= Mecklenburg County Public Schools =

School district in Virginia, United States

Mecklenburg County Public Schools is a school district headquartered in Boydton, Virginia, United States. It provides the public school education for students who live in Mecklenburg County.

==Organization==
Mecklenburg County Public Schools is governed by the Board of Education that consists of a representative of each of the nine districts within the county together with the Superintendent, currently Mr. Paul C. Nicholas III . Dr. Scott Worner is replacing the retiring Mr. Nicholas June 2023.

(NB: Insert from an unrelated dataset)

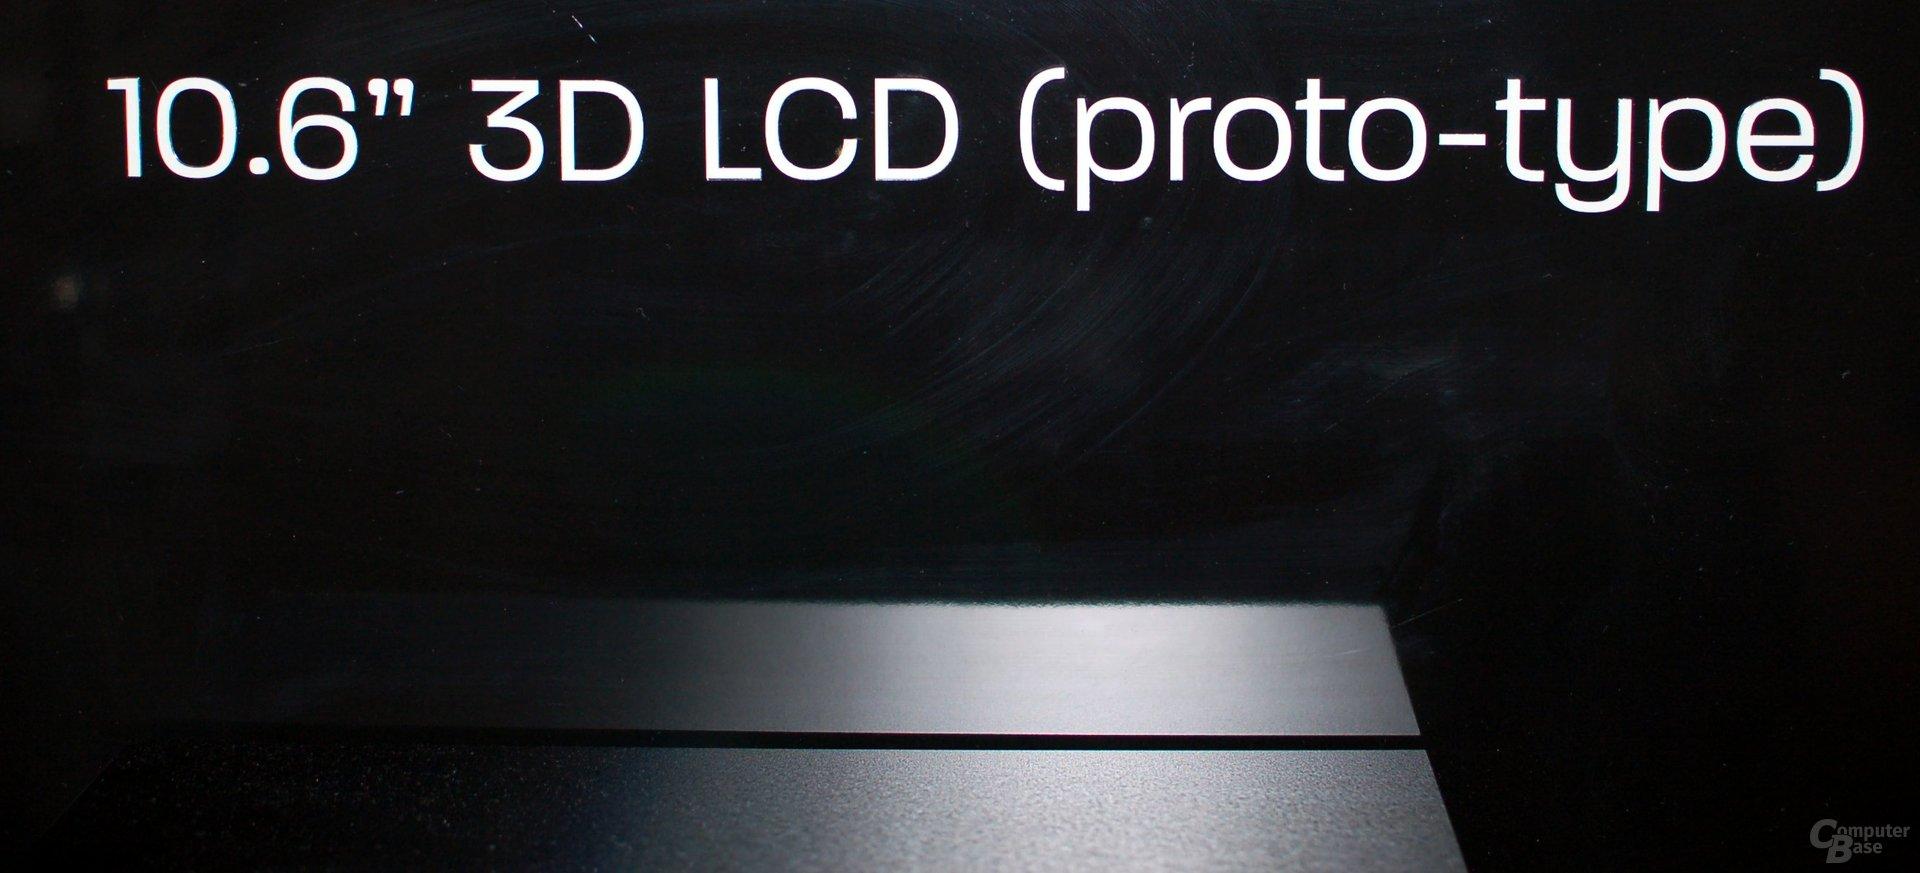 Sharps Prototypen von 3D-Bildschirmen ohne Shutterbrille

The district runs a single high school middle school complex, four elementary schools and an Alternative Education Center. As of 2010, 32,727 students were being educated. In school year 2011-12 it had a budget of $44,239,944. All schools have obtained Standards of Learning accreditation.

==Performance==
The Division was awarded five stars out of five for performance, by USA.com, and ranked 9th out of 130 divisions in Virginia.

==Schools==
- Mecklenburg County High School
- Mecklenburg County Middle School
- Bluestone High School - Closed 2022
- Park View High School - Closed 2022
- Bluestone Middle School - Closed 2022
- Park View Middle School - Closed 2022
- Chase City Elementary School - opened September 6, 1935, in 2010-11 educated around 500 students in Grades PK-5.